Readers often ask if Tredham is a real historical place. Or if it is based on one. And when exactly my stories are set.
The short answer to the first question is no. Tredham is just my invention. You won’t find it or its valley on any historical map. Nor is it modeled on any real-world location you could put a pin in. After all, strict historical accuracy isn’t what I’m aiming for in my stories. The Tales of Tredham are not – and aren’t trying to be – a history of a real place. Tredham and its surroundings are instead imagined as a setting where Ed, Rhiann and Will can explore their world and themselves. And where they can delve into and live out the social and emotional bonds that make up their community.
Everything has a foundation, though. For me, the imaginative basis for Tredham is the Welsh Marches: the rugged lands along the border between what are now England and Wales. Borderlands have a special allure. They are places where different peoples, cultures and languages come up against each other. Where what might look like neat divisions on a map so often turn out to be more fuzzy (and much more interesting) when you look in close. Places of encounter, exchange and – sometimes – conflict. I imagine Tredham as sitting in one such place: somewhere on the blurred boundary between the Celtic and Anglo-Saxon worlds.

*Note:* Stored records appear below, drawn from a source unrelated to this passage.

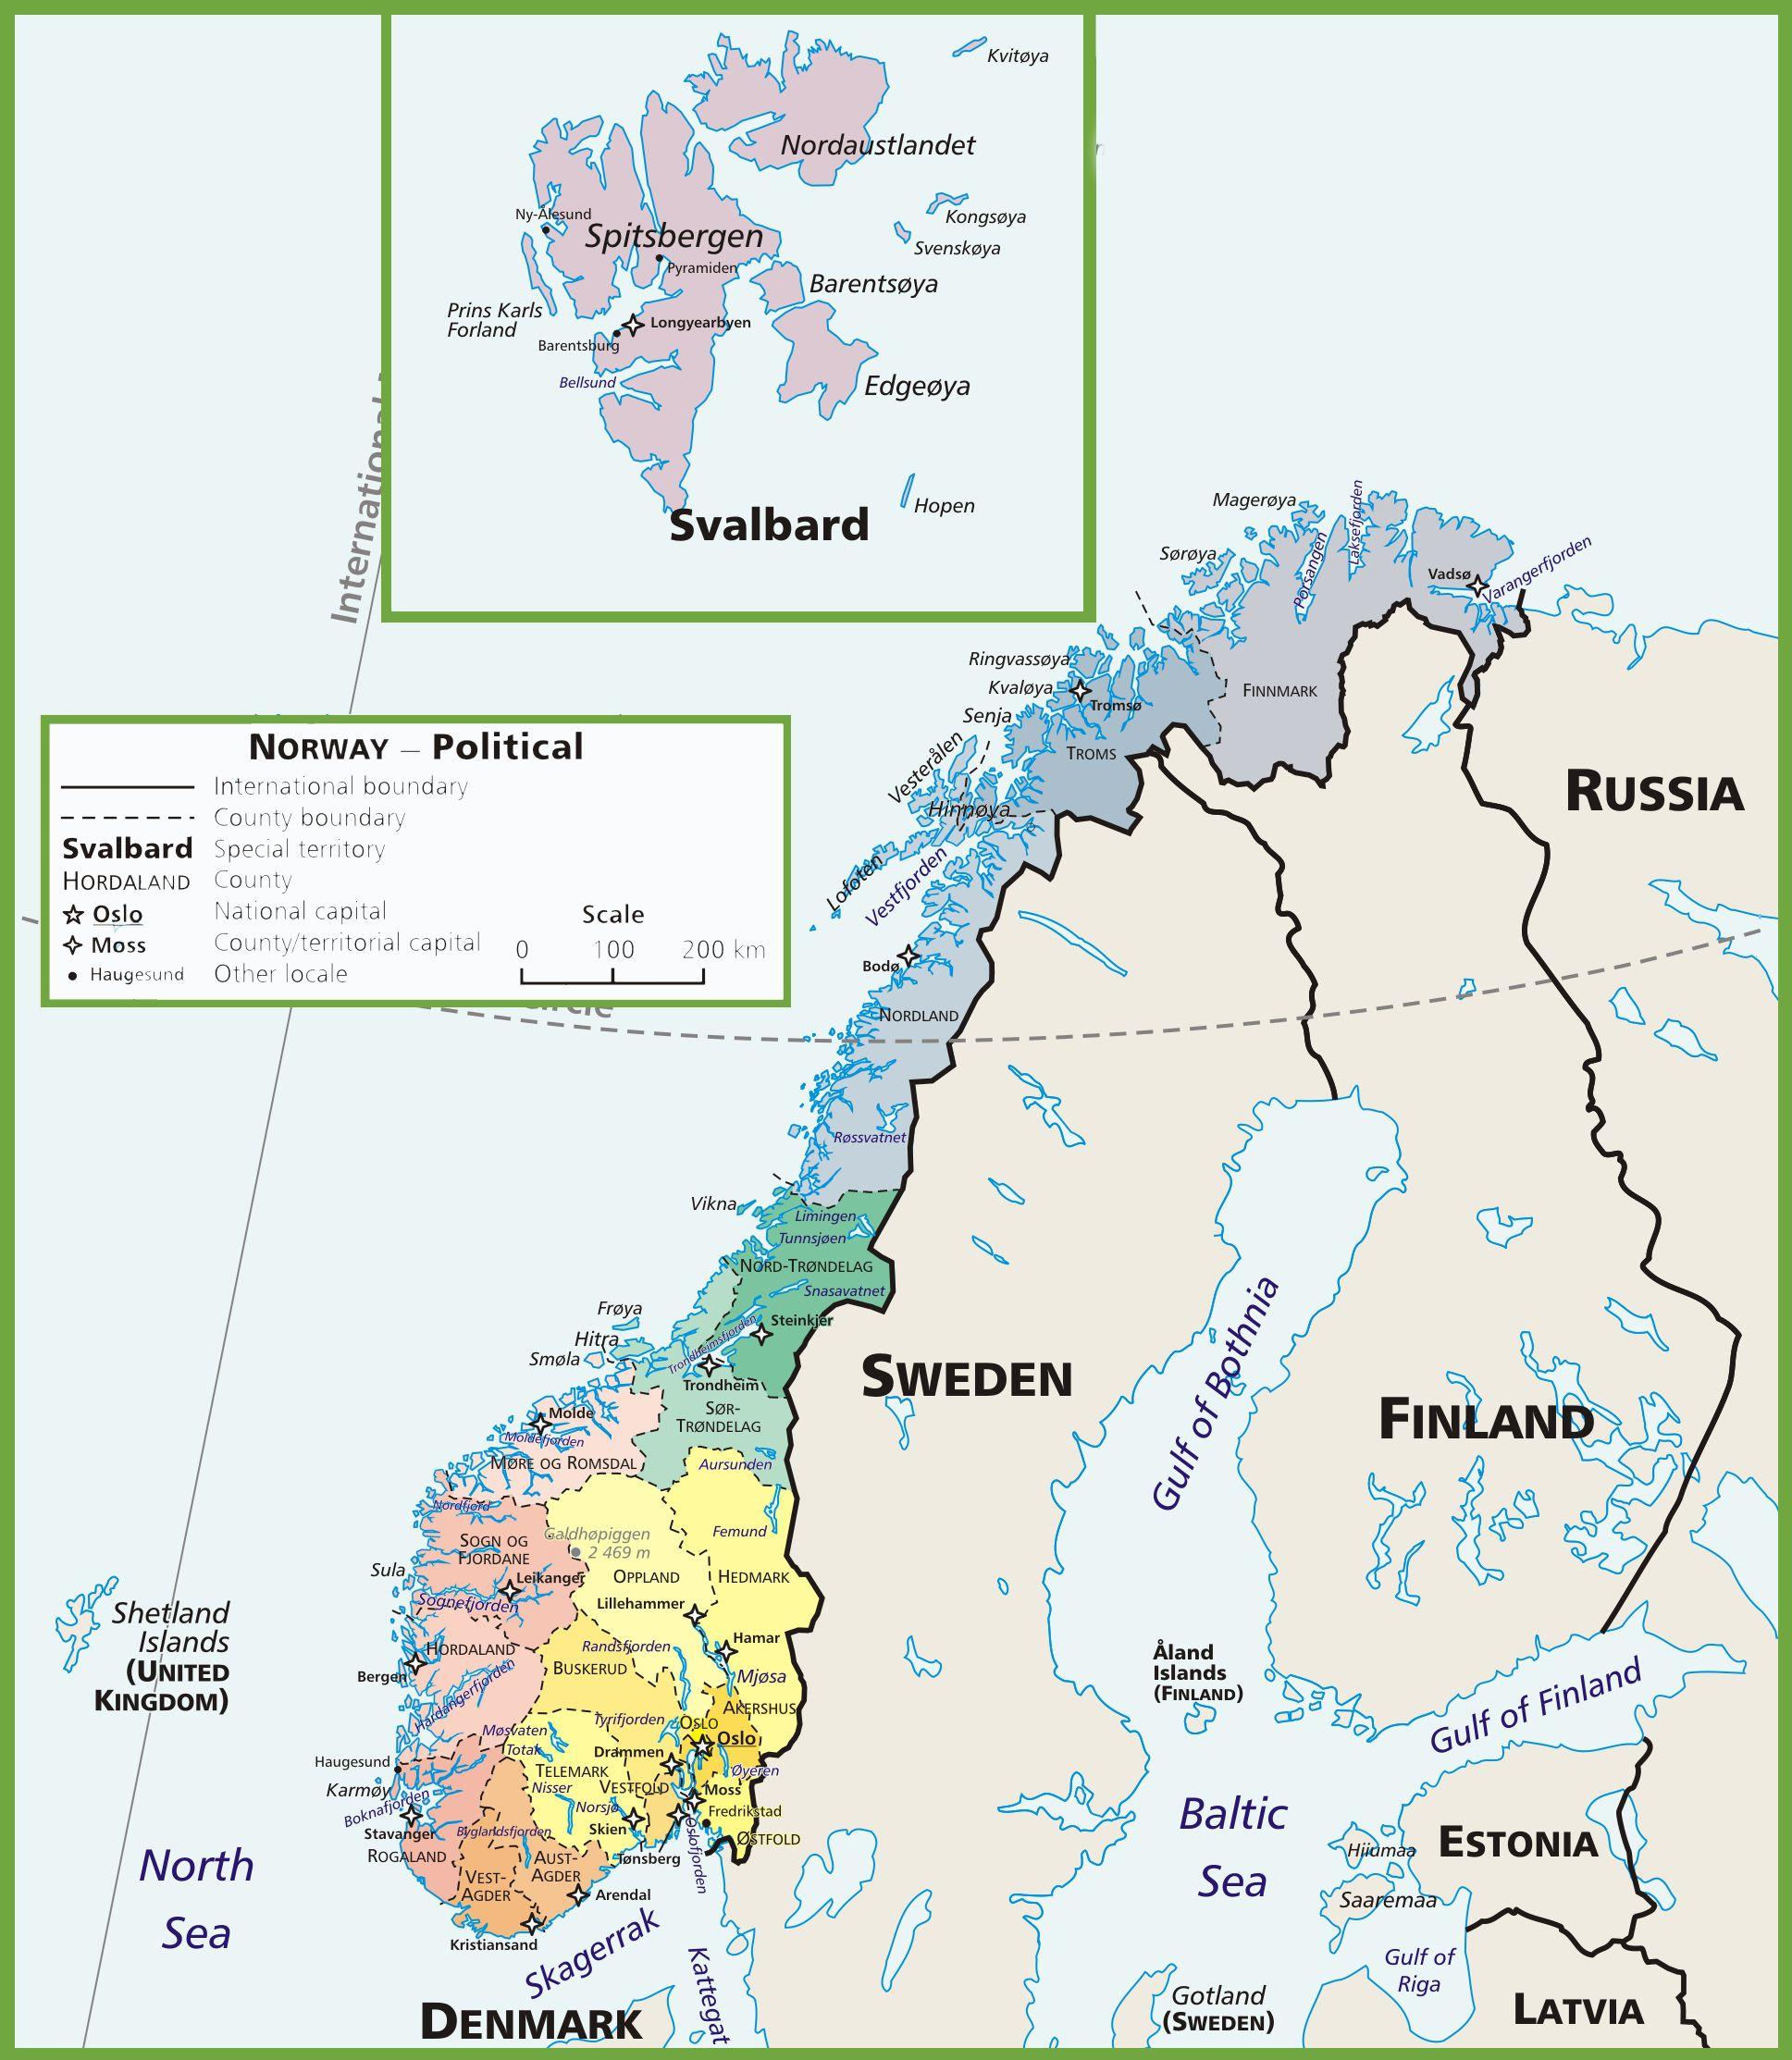 Carte de la Norvège et Svalbard
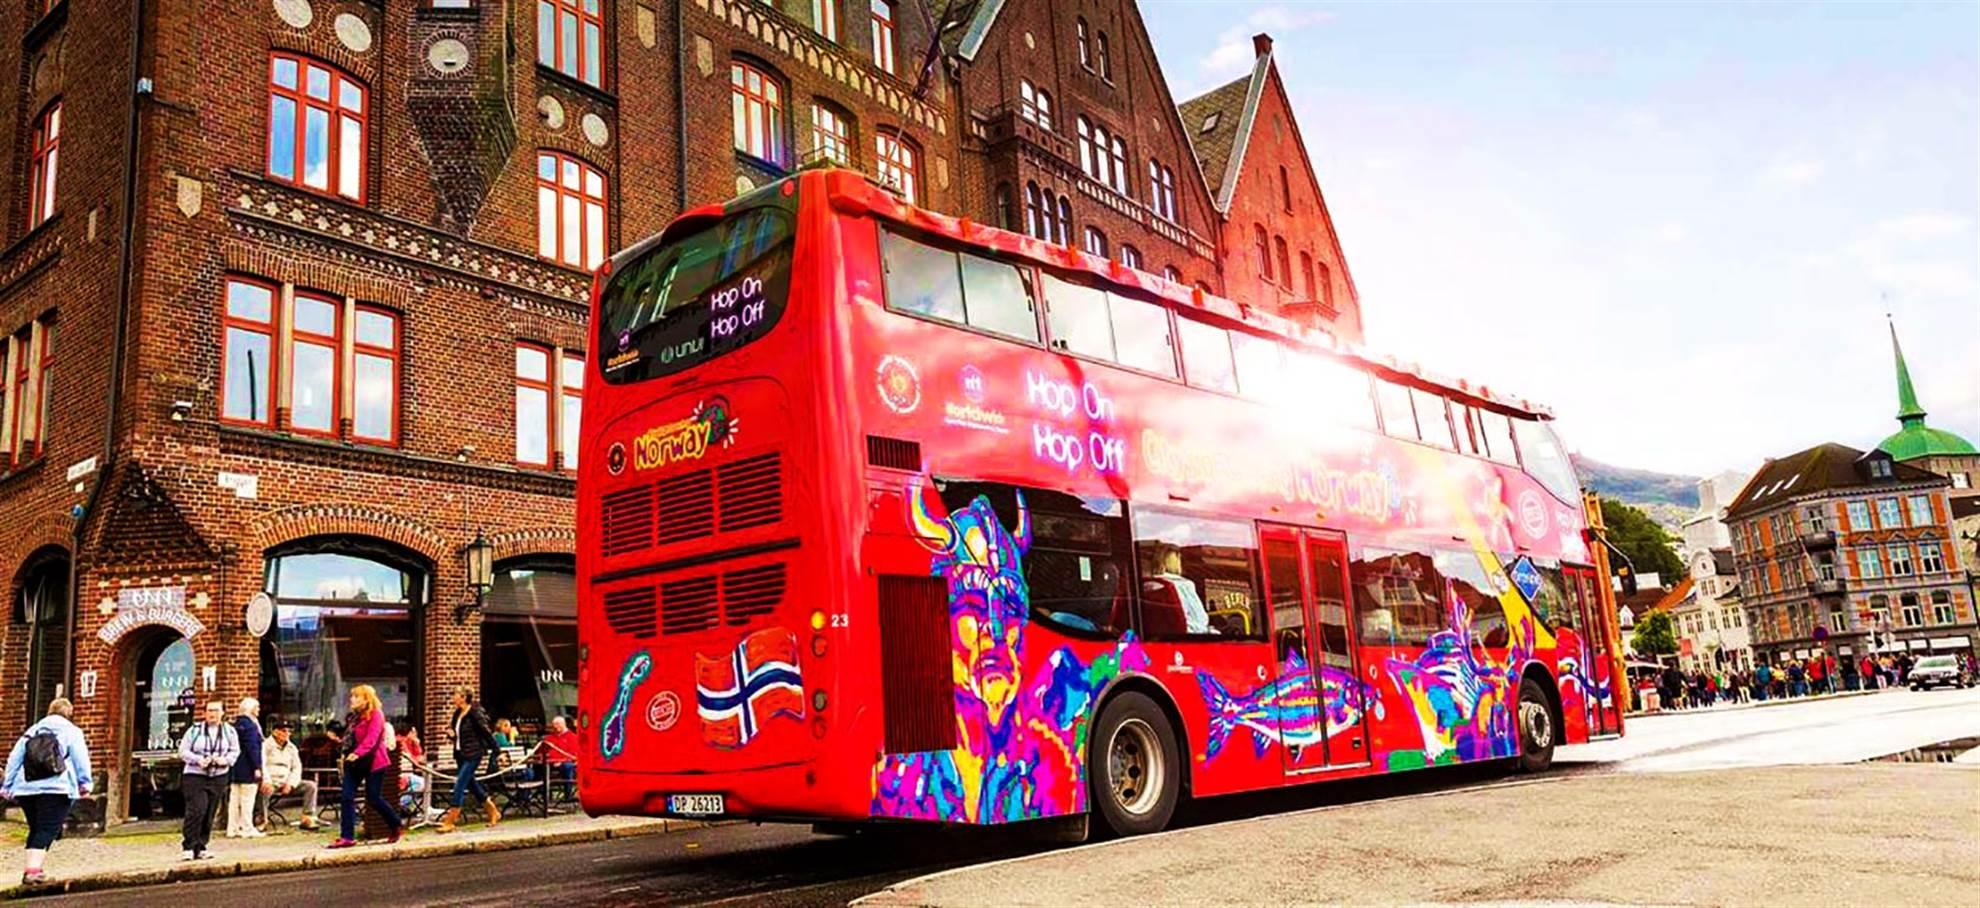 Bergen Hop on Hop off bus
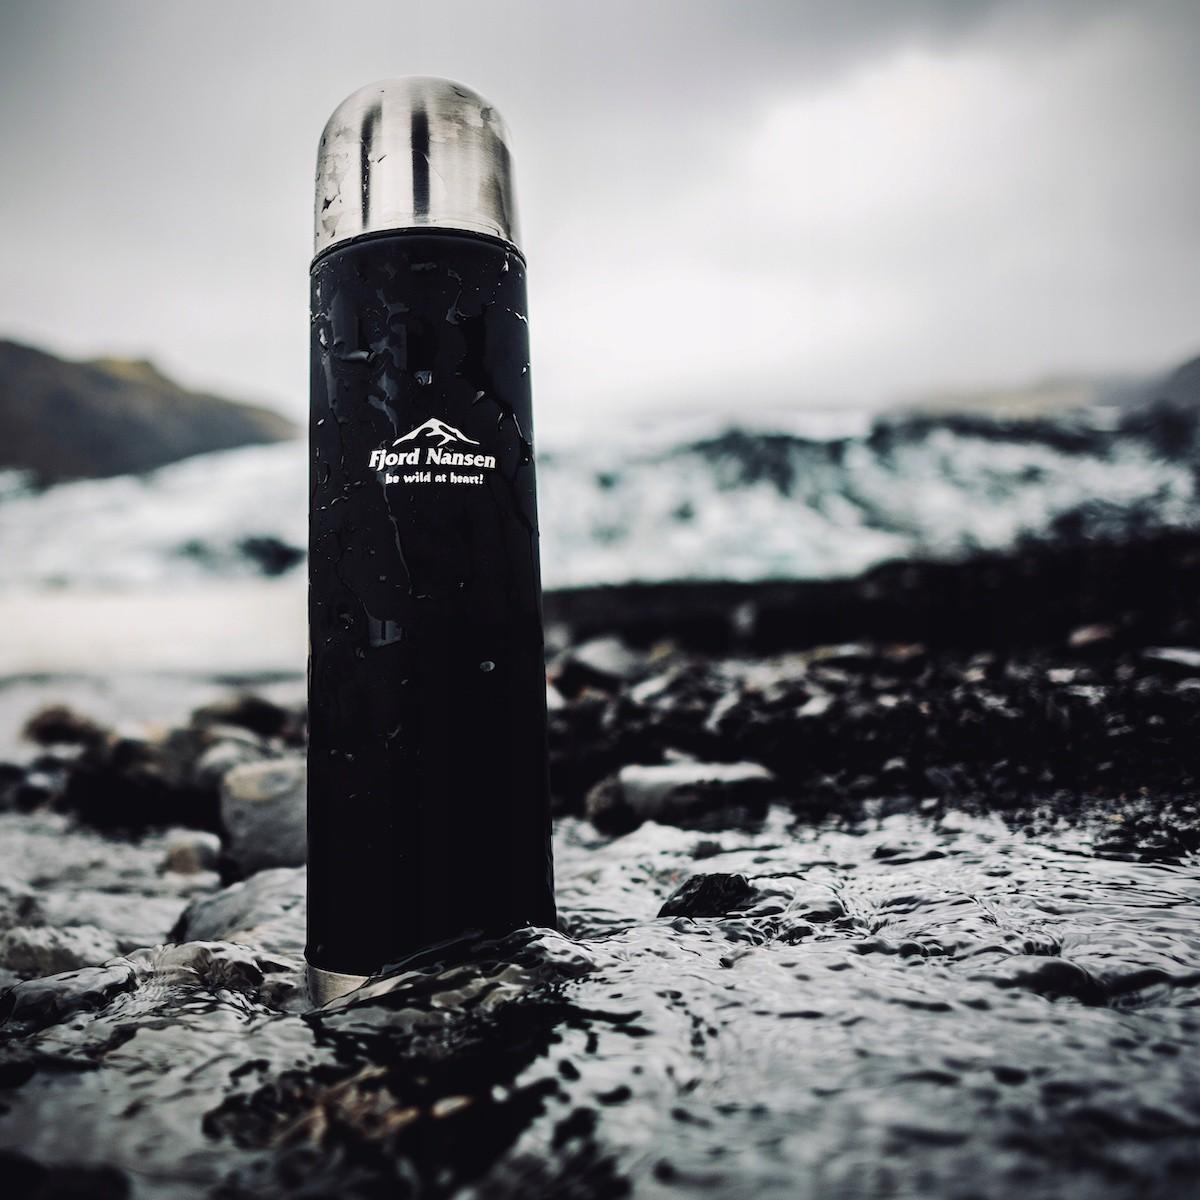 Termoska Fjord Nansen Honer 1L megamix.sk
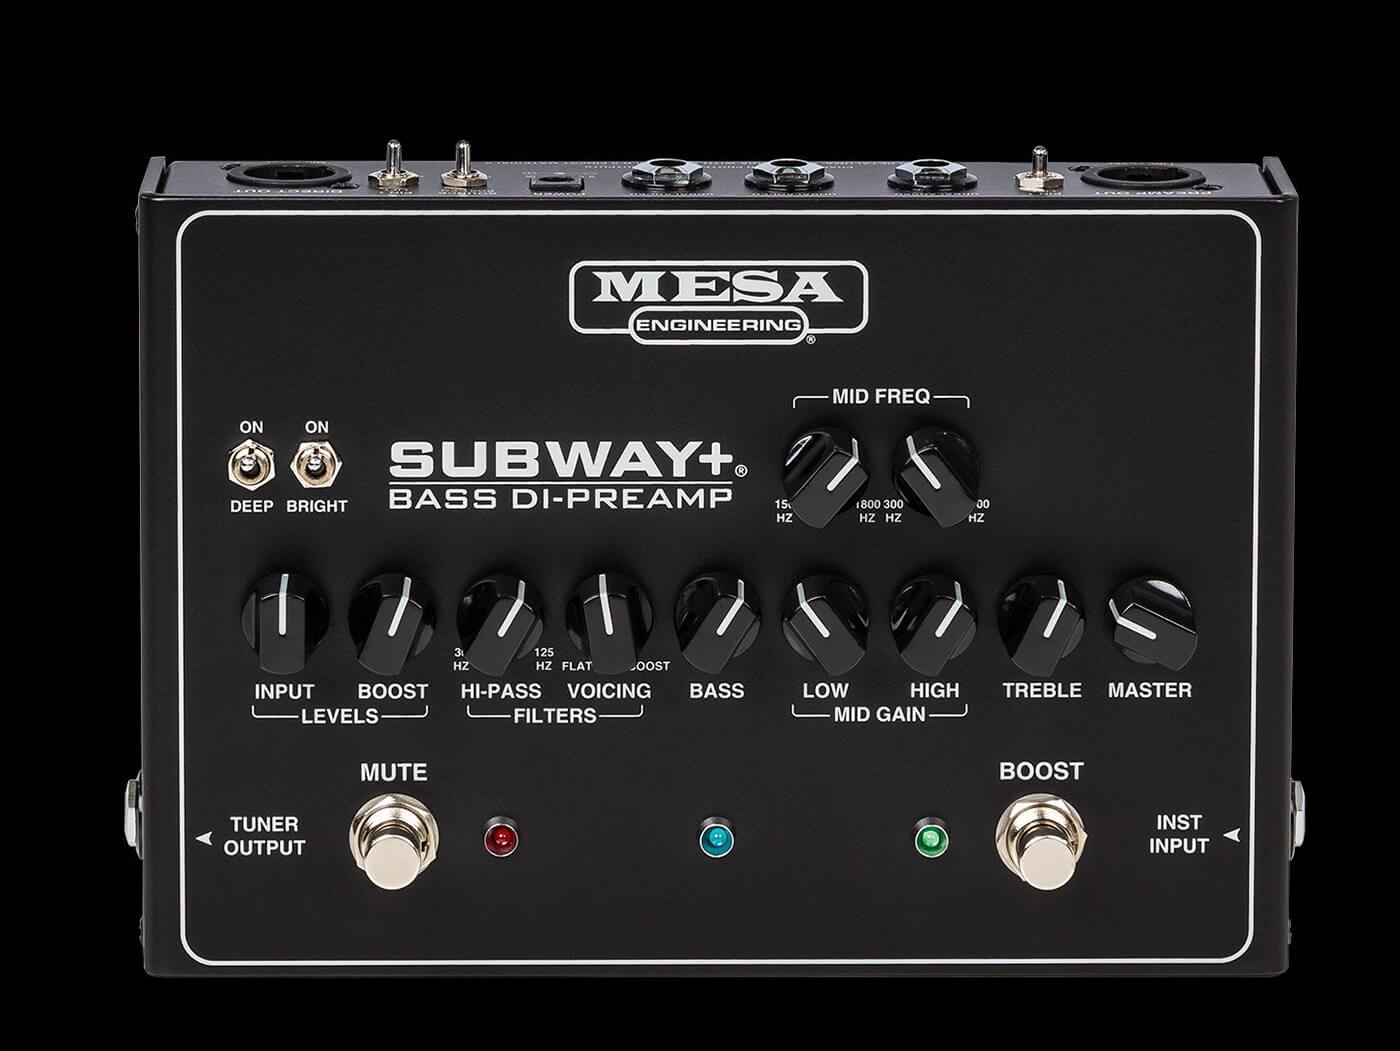 Mesa Boogie Subway Plus Bass DI-premap
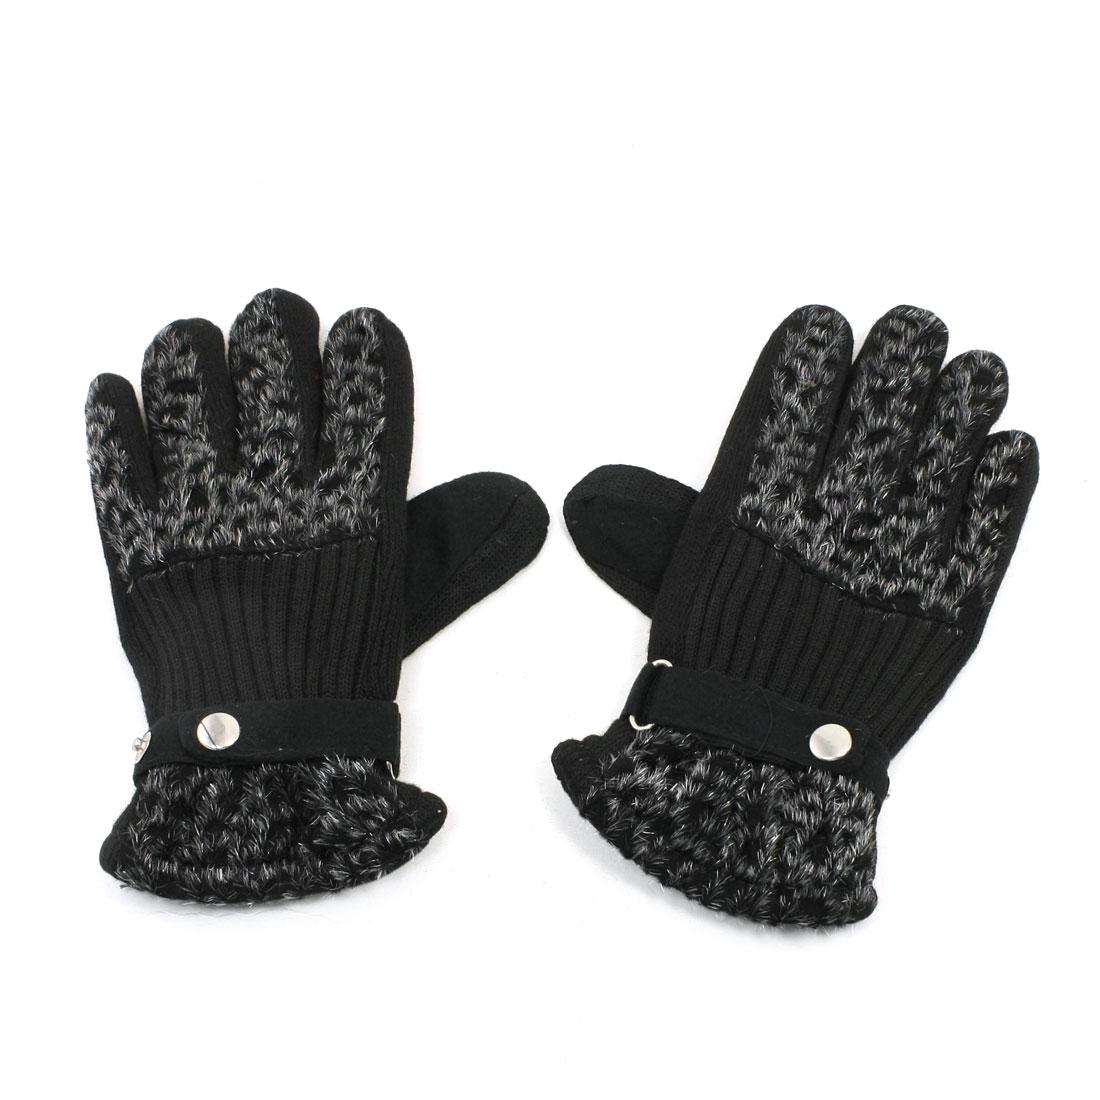 Ladies Black Leopard Pattern Full Finger Winter Warmer Gloves Pair

Not that anyone in Tedham would have you told you that. Its people knew little about the world beyond their narrow valley. A remote farming community, Tredham was not a place that had or made much that the outside world might want. Nor did it take much from outside in return. Tredham folk had to meet their needs, as best they could, with whatever they could grow, forage or make for themselves. That gave its people little reason to travel: few had ever left the village and those who had did not go far. So the people of Tredham could hardly know that their village was near the edge of some remote ruler’s domains. In that, Tredham was typical of so many small isolated communities back in its time.
Back when exactly? That’s another question I get asked from time to time. As with the where, the exact when isn’t essential to the stories. The world before our modernity – when fire gave the only artificial light and there was no transport faster than a horse – endured for many centuries. Isolated subsistence farming communities could be found throughout. So in a sense it doesn’t matter exactly when the Tales of Tredham are set (one reviewer suggested the Iron Age). But for what it’s worth, I imagined Tredham toward the end of what we would now call the Anglo-Saxon period, a little before the Norman Conquest of England in the 11th century. Another boundary that we now mark but that the people of Tredham could not have known they were living near.
In a sense, all storytelling is about boundaries. The line between the known and the unknown, the real and the imagined. Stories are about different people’s desires, needs and perspectives meeting, mixing, compromising, clashing. Each of us lives in a distinct worlds of our own perception: the encounters between those worlds is what drives narrative forward. In the Tales of Tredham Ed, Rhiann and Will live and grow the friendship that connects their individual experiences. All as the children test the boundaries of their village: both physically as they venture out into the hills and forests and socially in their encounters with the outcast wild man Finn. In many senses, then, the Tales of Tredham are stories from the frontier.